Lecture by Dr. Dalal Alrajeh
Date and Time
16:00-17:20, Tuesday, December 11th, 2012
Venue
Room #1904, National Institute of Informatics (Access)
Title
Handling Flaws in Declarative Specifications
Speaker
Dr. Dalal Alrajeh (Imperial College London, UK)
Abstract
Understanding the cause of errors and inconsistencies in, or making informed conjectures from, an evolving, heterogeneous and incomplete knowledge base are tasks that typically face data analysts and engineers. These activities are present in numerous disciplines such as crime enquiries and biological network studies as well as various software engineering problems including requirements elaboration, risk analysis and program debugging. With a vast, interrelated knowledge base, these tasks become infeasible without automated and rigorous support. In this talk, I will presenting on-going work that attempts to address these issues through the combined use of automated verification and inductive learning techniques.
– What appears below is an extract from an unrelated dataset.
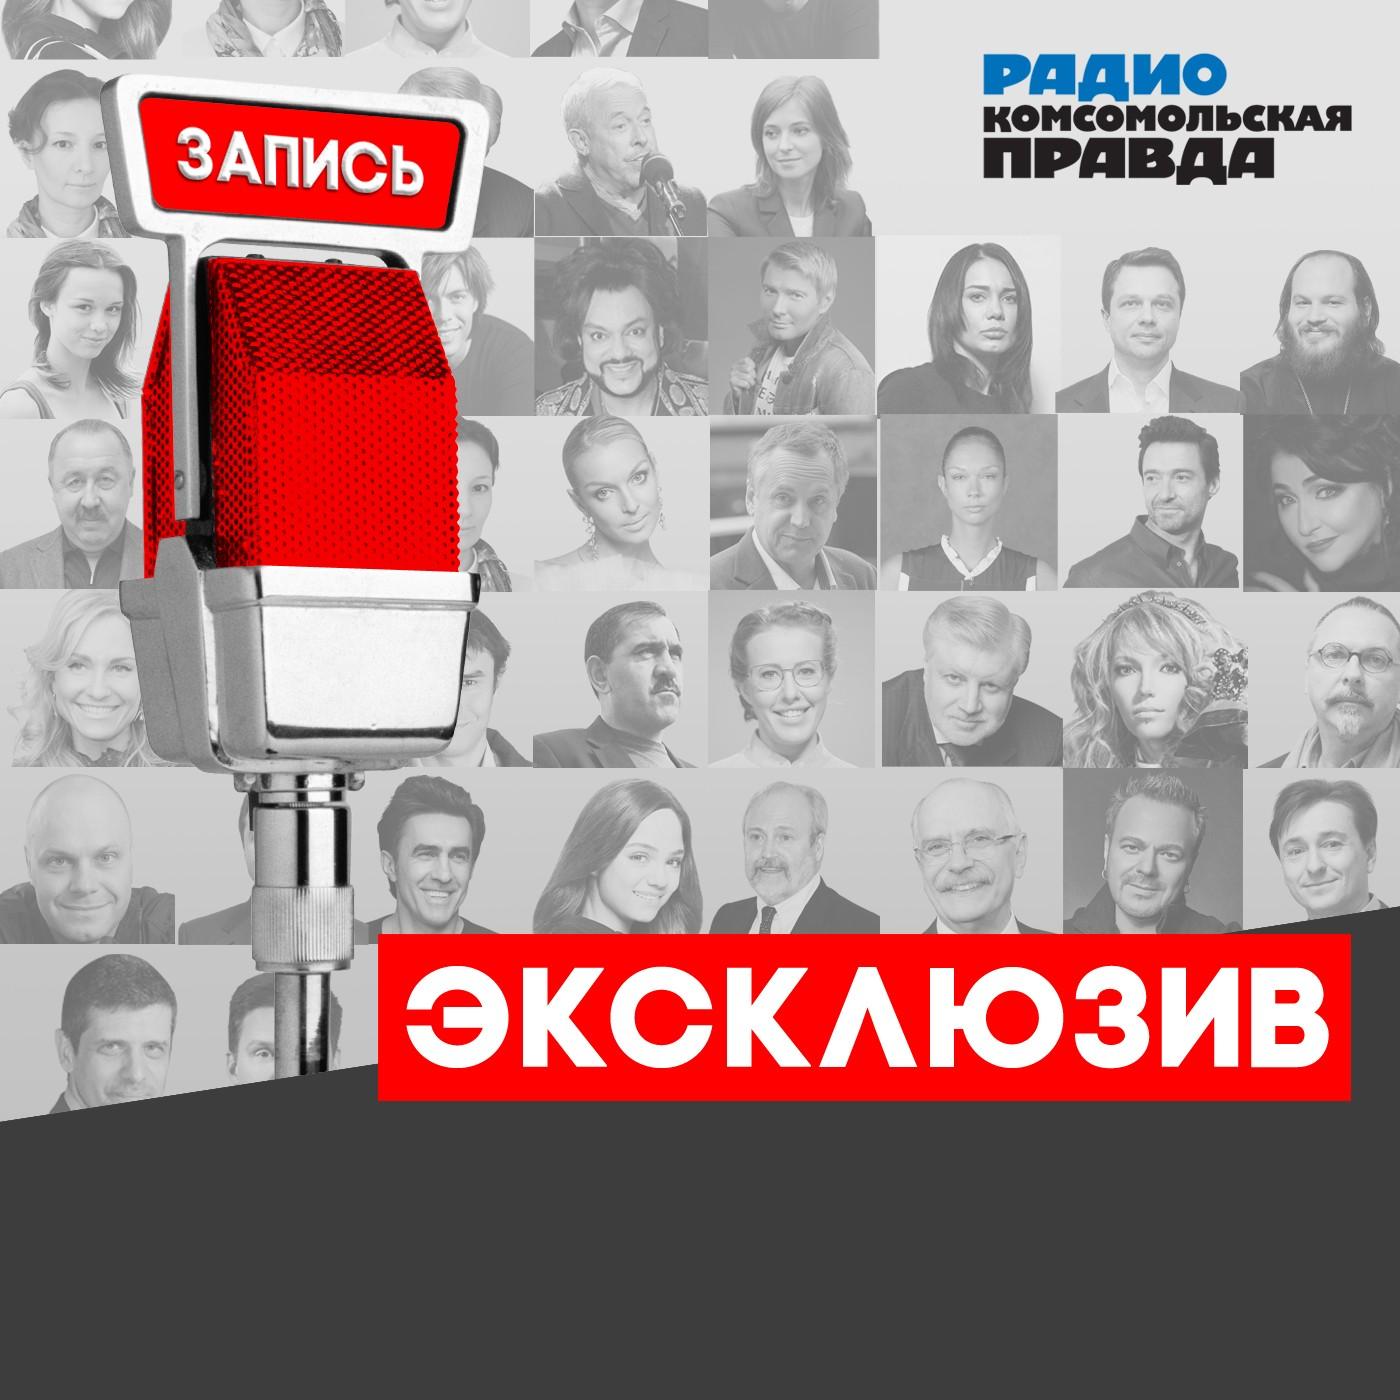 Радио «Комсомольская правда» Сергей Шнуров: Вся жизнь грязь, без грязи жизни не бывает

I will be discussing some of the problems that have been explored including non-probabilistic risk detection in software engineering and crime analysis in major crime investigations.
Biography
Dalal Alrajeh is a research associate at the Department of Computing, Imperial College London. She obtained her Ph.D. in Distributed Software Engineering from Imperial College in 2010. Her main research interests are in the area of formal verification and logic programming with particular emphasis model checking, inductive logic programming and answer set programming. Her recent work includes techniques for generating obstacles for requirements completeness, detecting vacuity in scenario-based specifications and lately applications of verification and learning methods to crime analysis. She has published papers on these topics in major software engineering and artificial intelligence journals and conferences and served on a number of program committees.